The basic pattern of the grammar is just like arithmetic expressions where:

You've actually seen something similar to this before back in 2017.

Kojoley commented 3 years ago

Could you please provide example?

... Yes, that would be a real world test case;

That was not convincing? I am too lazy to search links, but here is another one https://stackoverflow.com/questions/43526708/optimizing-the-grammar

however, there's a simple way to generate any depth of recursion using this code:

Your example is too synthetic, why are there all these rules if they are not used except for the single one and r_*_def used directly instead.
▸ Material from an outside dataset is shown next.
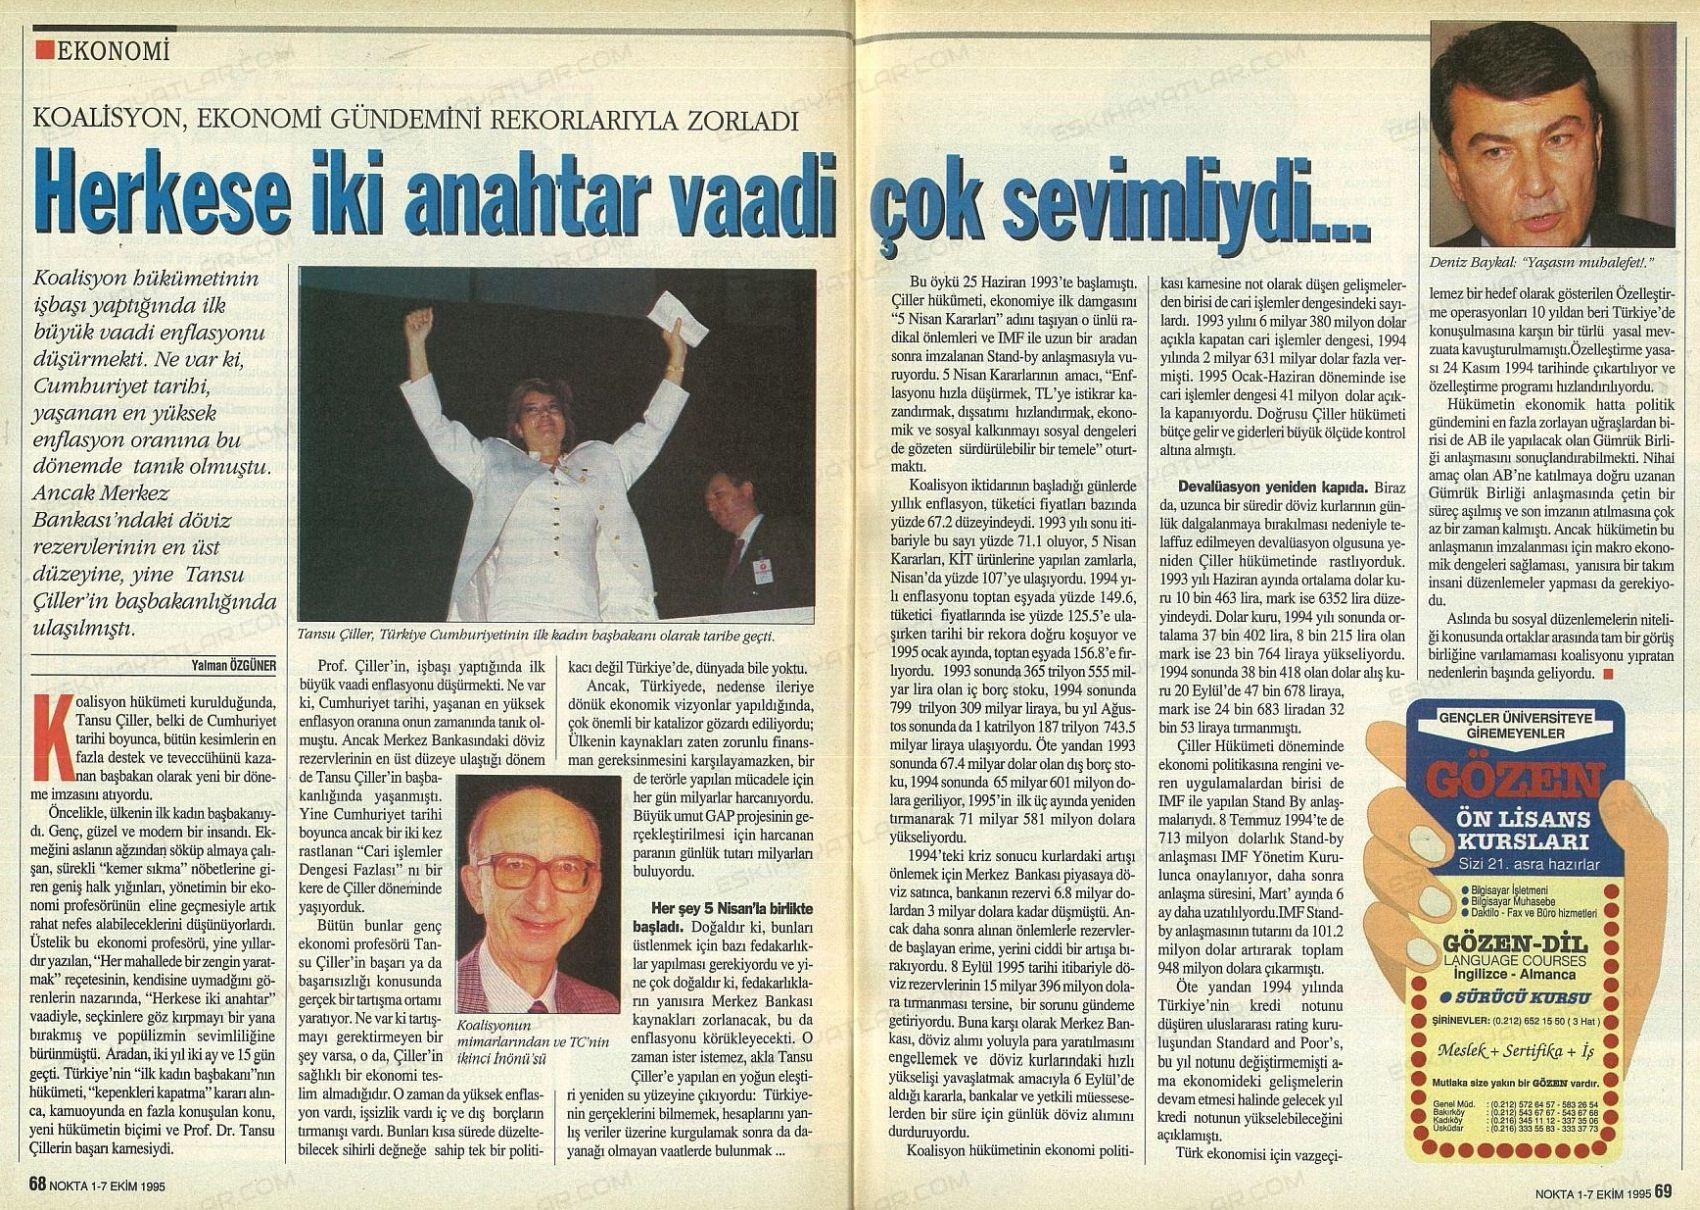 0154-tansu-ciller-1994-yili-haberleri-herkese-iki-anahtar-vaadi

I understand that you can fix your generator, but it will not change much because IIUC the feature was implemented to allow writing inline self recursing parser, and that is not what you are doing. I do care that the feature might be misused by users, but unless it is a common pitfall I care about backward compatibility much more.